Metadata-Version: 2.4
Name: omdeventhandler
Version: 2.2
Summary: A framework for event handlers for OMD
Project-URL: Homepage, https://github.com/lausser/noteventificationforhandlerwarder
Project-URL: Bug Tracker, https://github.com/lausser/noteventificationforhandlerwarder/issues
Author-email: Gerhard Lausser <lausser@yahoo.com>
Classifier: License :: OSI Approved :: MIT License
Classifier: Operating System :: OS Independent
Classifier: Programming Language :: Python :: 3
Requires-Python: >=3.6
Requires-Dist: jinja2
Provides-Extra: test
Requires-Dist: flake8; extra == 'test'
Requires-Dist: pytest; extra == 'test'
Requires-Dist: pytest-cov; extra == 'test'
Requires-Dist: requests; extra == 'test'
Description-Content-Type: text/markdown

## Eventhandler

The Event Handler Framework provides a streamlined approach for writing event handler scripts in Nagios monitoring environments.
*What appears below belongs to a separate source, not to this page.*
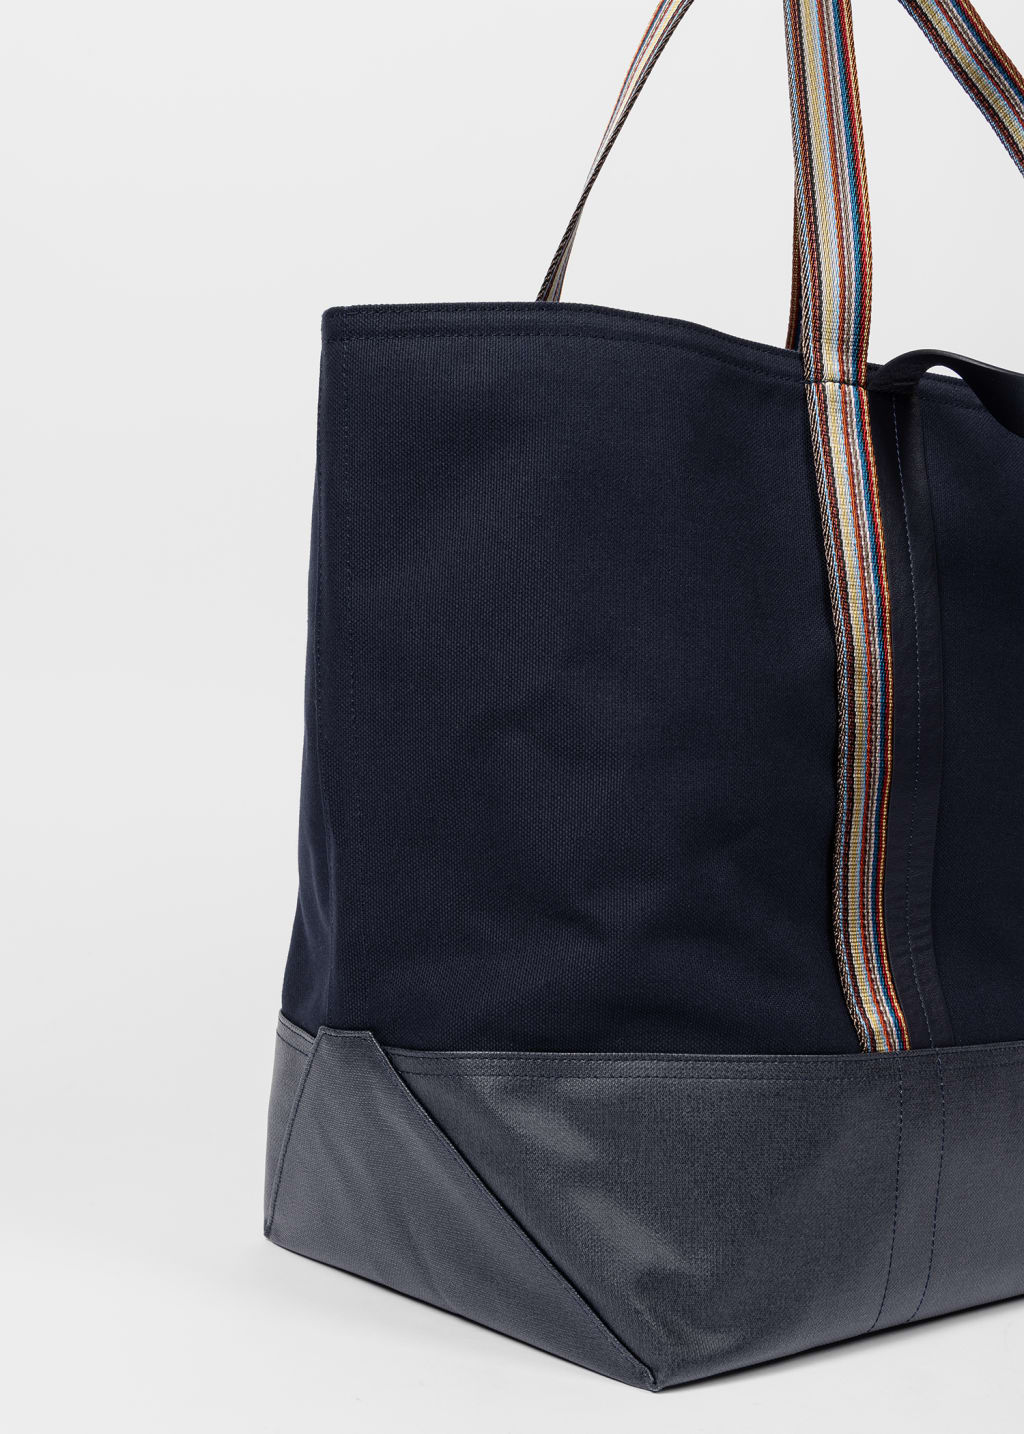 Detail View - Navy Canvas Tote Bag with 'Signature Stripe' Straps Paul Smith

With this framework, users can easily define conditions for handling events and specify actions to be taken based on those conditions, leveraging two core components: the Decider and the Runner. These components work together seamlessly to evaluate conditions, prepare parameters, and execute appropriate actions in response to events.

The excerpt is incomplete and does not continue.